When Forster was founded in 1996, it was with a clear purpose: to use the power of communications to protect and improve lives.
Thirty years on, with more evidence at our disposal, and a vastly different media, social and commercial infrastructure around us, the need for a progressive agency model feels more urgent than ever.
Across ever more complex social and environmental challenges, three questions continue to guide how we work and why it matters.
Encouraging action, not just awareness
In 1996, PR was largely about awareness. Advertising Value Equivalent was king, and the assumption was simple: give people the right information, and good decisions would follow.
We now know that’s not enough. Decades of behavioural science show that decisions are shaped by emotion, context and inequality, not just facts. People operate in crowded, often contradictory environments, and one-size-fits-all messaging rarely drives sustained change.
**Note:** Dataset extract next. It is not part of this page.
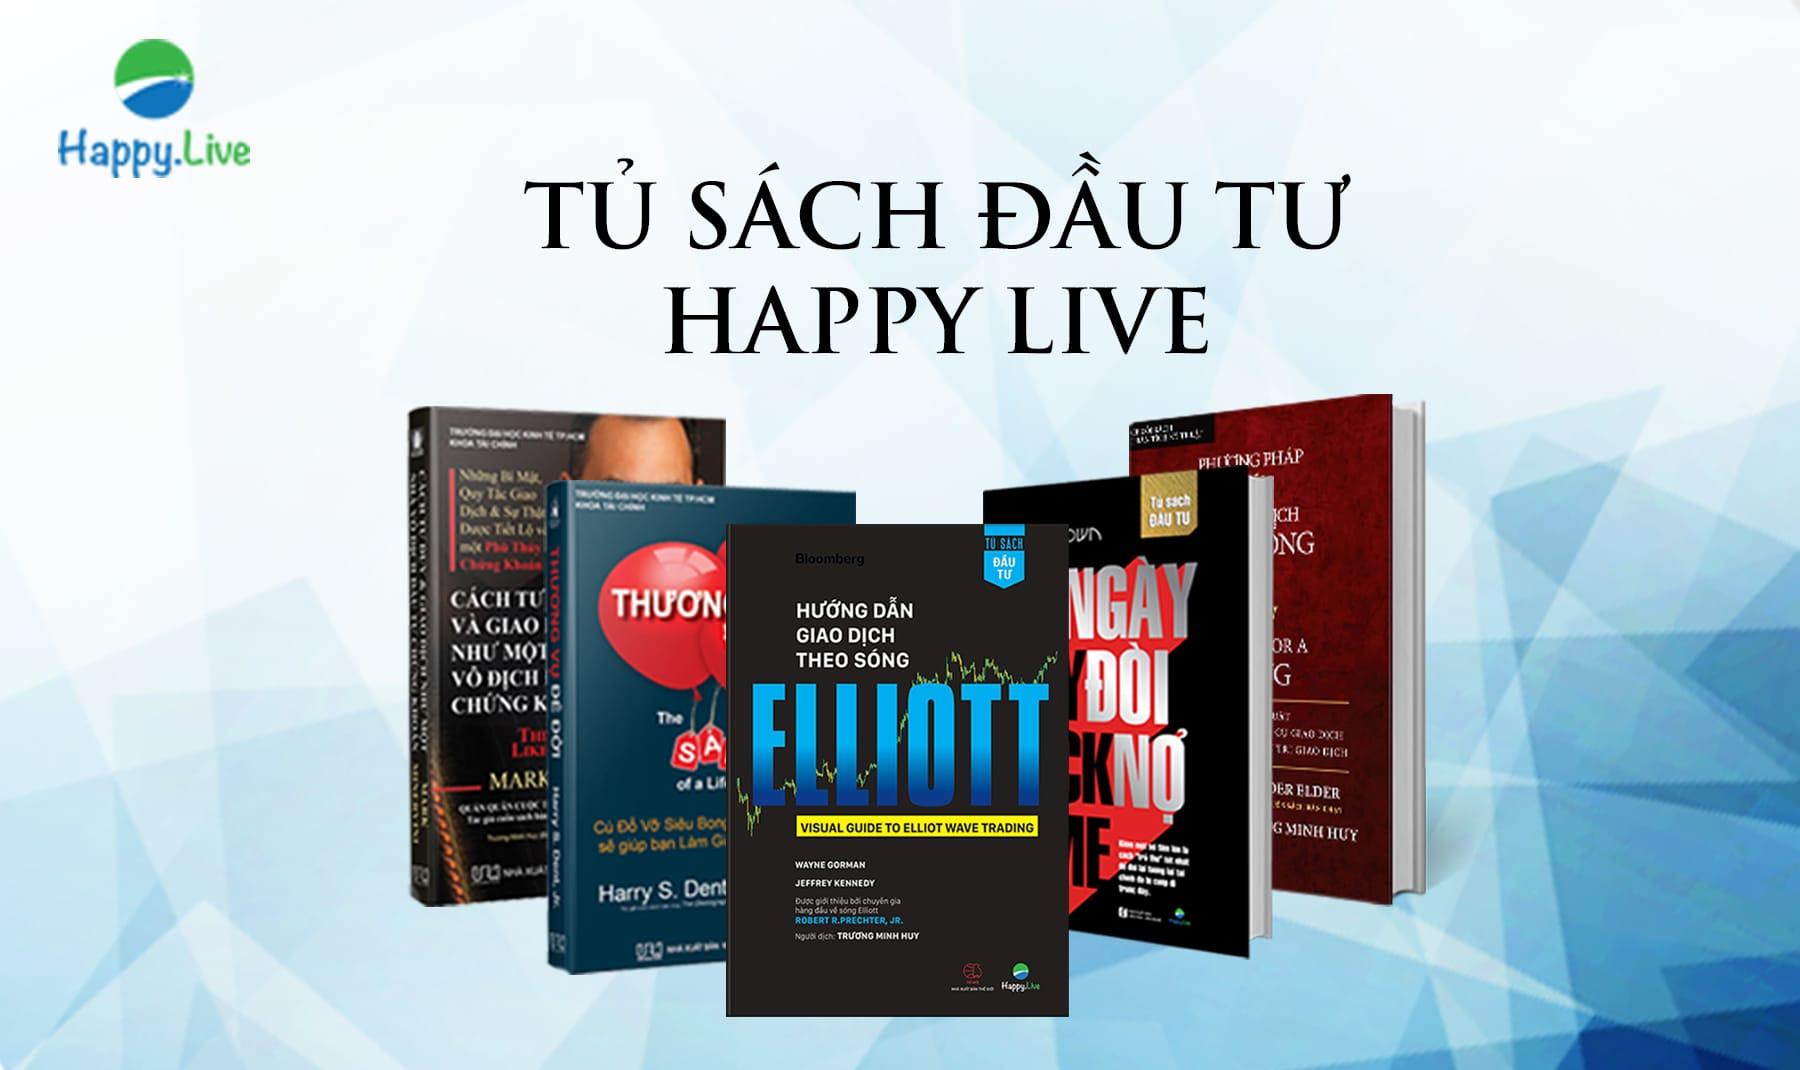 tủ sách đầu tư tài chính happy.live

This shift in thinking began decades ago. In the early 2000s, we moved beyond traditional media relations to promoting flu immunisation through trusted community spaces like bingo halls, and helped integrate a breastfeeding storyline into BBC’s EastEnders to help normalise the behaviour in everyday life.
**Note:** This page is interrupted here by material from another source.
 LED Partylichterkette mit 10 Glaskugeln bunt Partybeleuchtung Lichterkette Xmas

Our original Think-Act-Change model reflected this evolution, moving communications from being noticed to being useful. Today, that approach has developed into a more sophisticated audience engagement journey, focused on outcomes and impact at individual, organisational and societal levels.
With digital tools now offering far more insight into behaviour, success can no longer be measured by column inches alone. The defining question is: what do we want people to do as a result of receiving this communication?
From broadcast to shared platforms
In the mid-1990s, communications were largely one-way. Authority figures spoke, audiences listened.
Trust no longer comes with a title – it needs to be earned. People expect honesty, transparency and relevance, and they are quick to disengage from communications that feel overly certain, detached or one-sided.
In response, there has been a shift towards combining research-driven expertise with lived experience. Rather than organisations speaking on behalf of individuals, there is growing emphasis on elevating people’s own voices through shared platforms.
This shift is delivering stronger engagement and better outcomes, but it also brings responsibility. As more individuals share their experiences, particularly those who are marginalised or have faced trauma, safeguarding and support must be built in from the outset. The question of who ultimately benefits from storytelling is key to ensuring it is empowering rather than extractive.
Enabling nuance in an always-on world
Perhaps the most visible change between 1996 and 2026 is the transformation of the channels we use.
Where print and broadcast once dominated, we now operate in a continuous, platform-driven ecosystem. Information moves faster, attention is fragmented, and content is shaped by commercial pressures such as clicks, subscriptions and algorithms.
At the same time, influence has become decentralised. Individuals, creators and community leaders can now shape opinion and behaviour at scale, often with greater reach and trust than institutions. This creates huge opportunities for mobilisation and learning, but also accelerates misinformation, polarisation and fatigue.
For organisations working on complex social and environmental issues, this raises a consistent focus on adding light, not heat. It can mean silence rather than amplification and steadiness rather than speed. The question of how we communicate responsibly is needed more than ever in environments that reward immediacy over nuance.
In response, we are seeing renewed value in approaches that create space for deeper engagement: long-form content, face-to-face experiences and curated discussions. After a hiatus, we’ve returned to tactics like immersive site visits and closed forums – formats that allow for dialogue, reflection and understanding.
In this context, how we communicate is just as important as what we say.
The enduring essence
Thirty years on, the tools and channels of communications have changed beyond recognition. Media relations are no longer the centre of gravity; they are one part of a much broader ecosystem.
Yet the core principle remains the same. Effective communications are rooted in understanding people’s realities, respecting their choices and enabling meaningful action. It’s about choosing impact over noise, trust over tactics, and long-term change over short-term attention.
That belief remains at the heart of our work and will continue to guide us for the next 30 years.